De nos jours, la cuisine fait l’objet d’une promotion par les États, au même titre que le tourisme, la culture ou l’enseignement supérieur. La France est évidemment en bonne position, car elle possède l’image du pays de la haute gastronomie. Ce n’est pas uniquement un avantage, car la réputation du très haut de gamme s’accompagne de celle de l’élitisme. Une des tâches de la diplomatie est précisément de prouver que la cuisine française est accessible à tous. Pour ce faire, la France est le seul pays du monde à posséder un « ambassadeur pour la gastronomie », tâche confiée à l’ancien chef de l’Élysée, Guillaume Gomez. Les efforts des restaurateurs français installés à l’étranger jouent aussi un rôle crucial. Au Japon, le Breton Bertrand Larcher a réussi à donner au public une image décontractée de la bonne cuisine française grâce au succès de ses crêperies.

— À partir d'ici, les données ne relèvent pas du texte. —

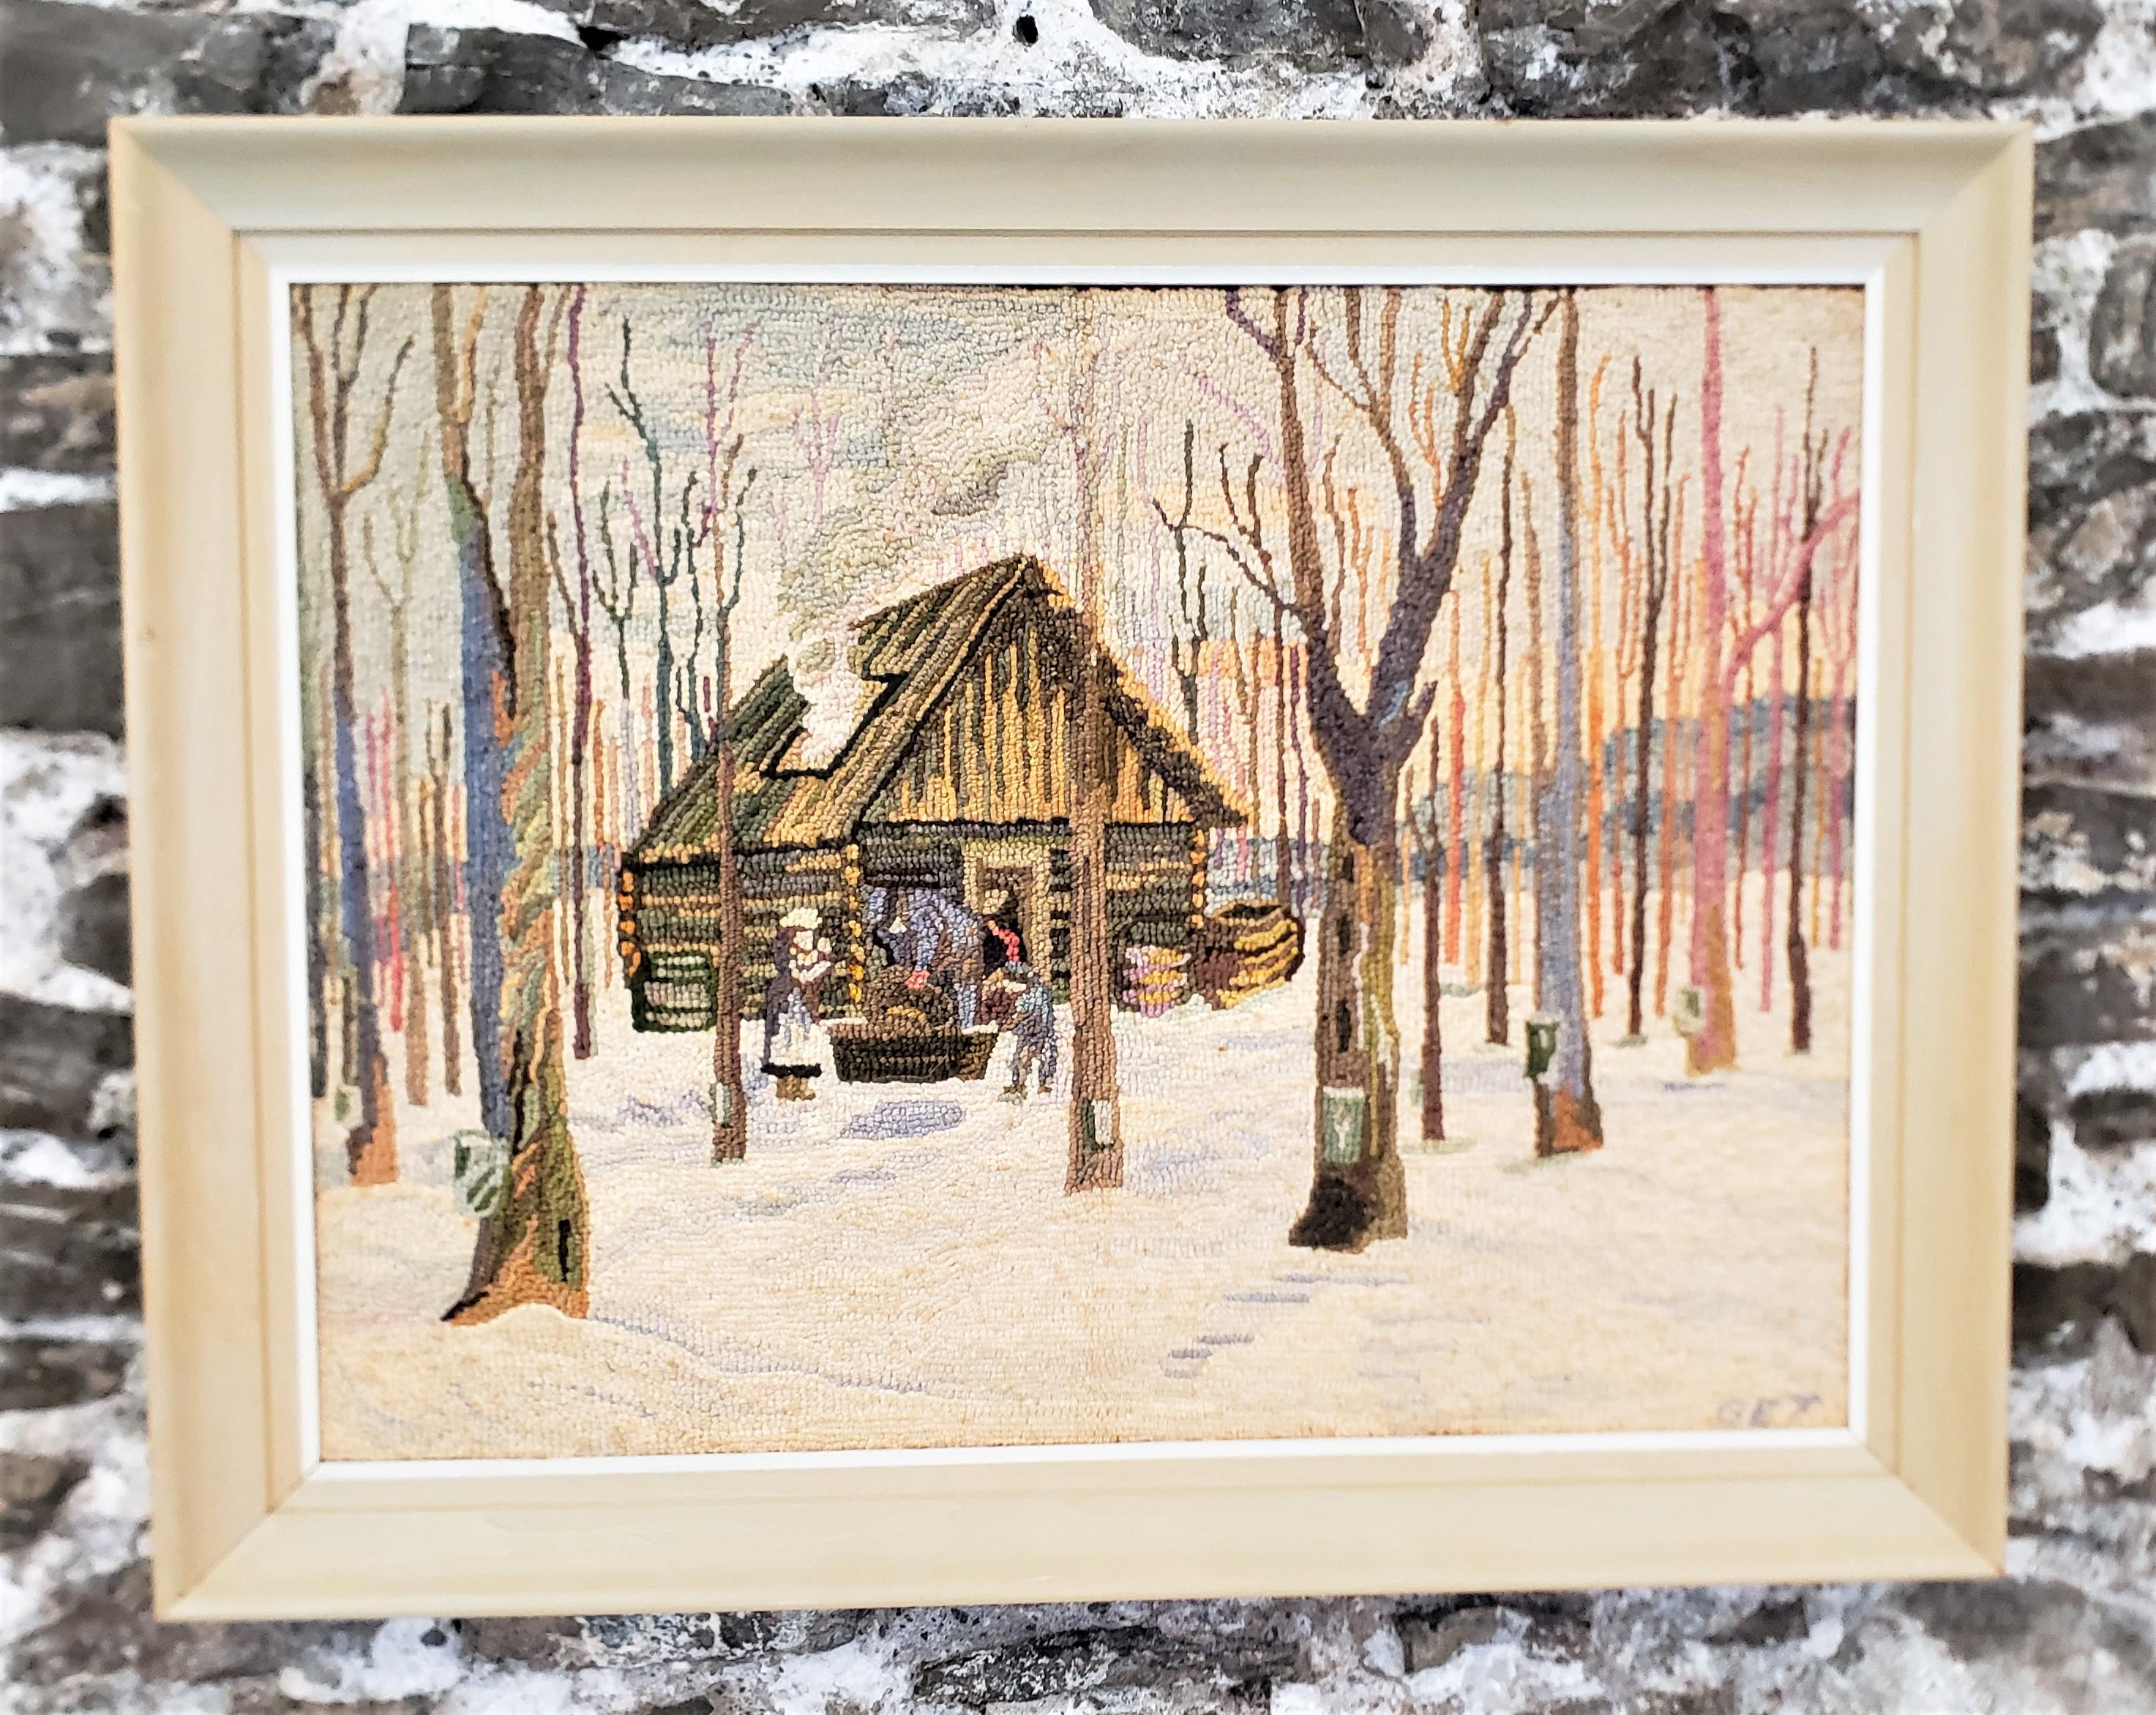 Diese gerahmte Hakenteppich oder Matte wurde von dem bekannten Künstler George Edouard Tremblay von Quebec Kanada in etwa 1940 in seiner Zeit Folk Art Stil getan. Der Teppich oder die Matte ist aus Wolle auf Sackleinen gefertigt, das auf eine
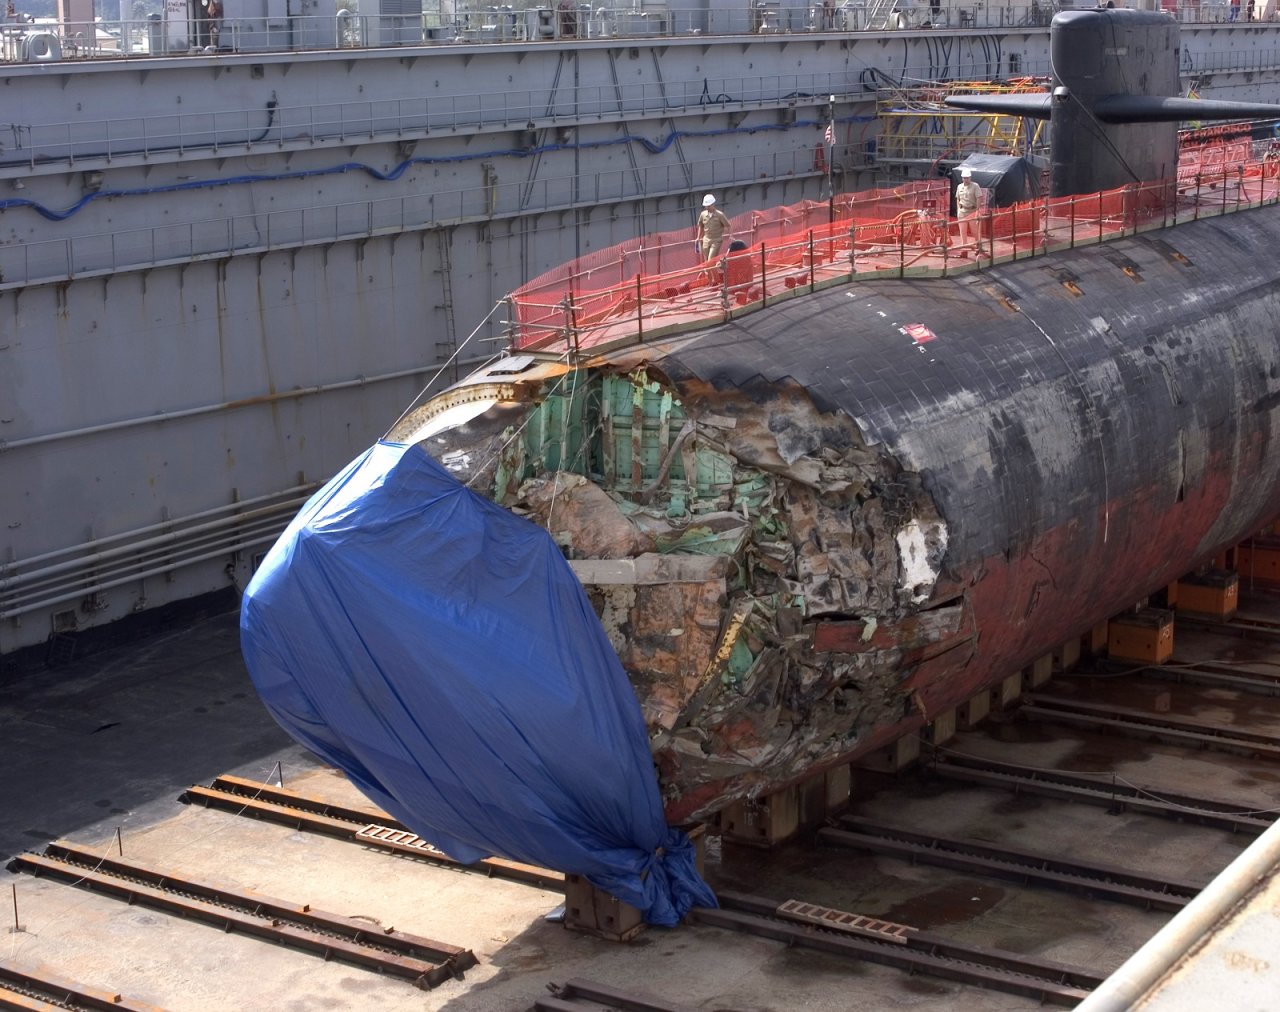 typhoon submarine in dry dock

La journée du « Goût de France »
Les diplomaties sont en concurrence dans la promotion de leur modèle de cuisine. Elles le font par l’intermédiaire de campagnes de promotion et d’événements culinaires. En France, les ambassadeurs reçoivent chaque année des convives lors de la journée du « Goût de France ». La Thaïlande a développé, dès 2002, le programme « Global Thaï » destiné à promouvoir la cuisine thaïlandaise dans le monde. L’Italie s’est servie, en 2017, du classement de la pizza napolitaine au Patrimoine culturel immatériel de l’Unesco pour promouvoir sa tradition culinaire. Comme pour les vins, une concurrence croissante des gastronomies existe dans le monde. L’humour est parfois au rendez-vous des comparaisons. Tel Américain aime ainsi à dire « qu’un bon restaurant italien est aux États-Unis un restaurant français en beaucoup moins cher ! » Derrière la diplomatie de la gastronomie se profile, bien entendu, la question de l’économie et des emplois. Une étudiante de Sciences Po, Mona-Lisa Isnard, rappelle dans un mémoire de master consacré à la « gastrodiplomatie » que le secteur agroalimentaire représente, en France, 200 milliards d’euros annuels de chiffre d’affaires. L’avenir se situe aussi dans la promotion mondiale des cuisines respectueuses de l’environnement et de la santé.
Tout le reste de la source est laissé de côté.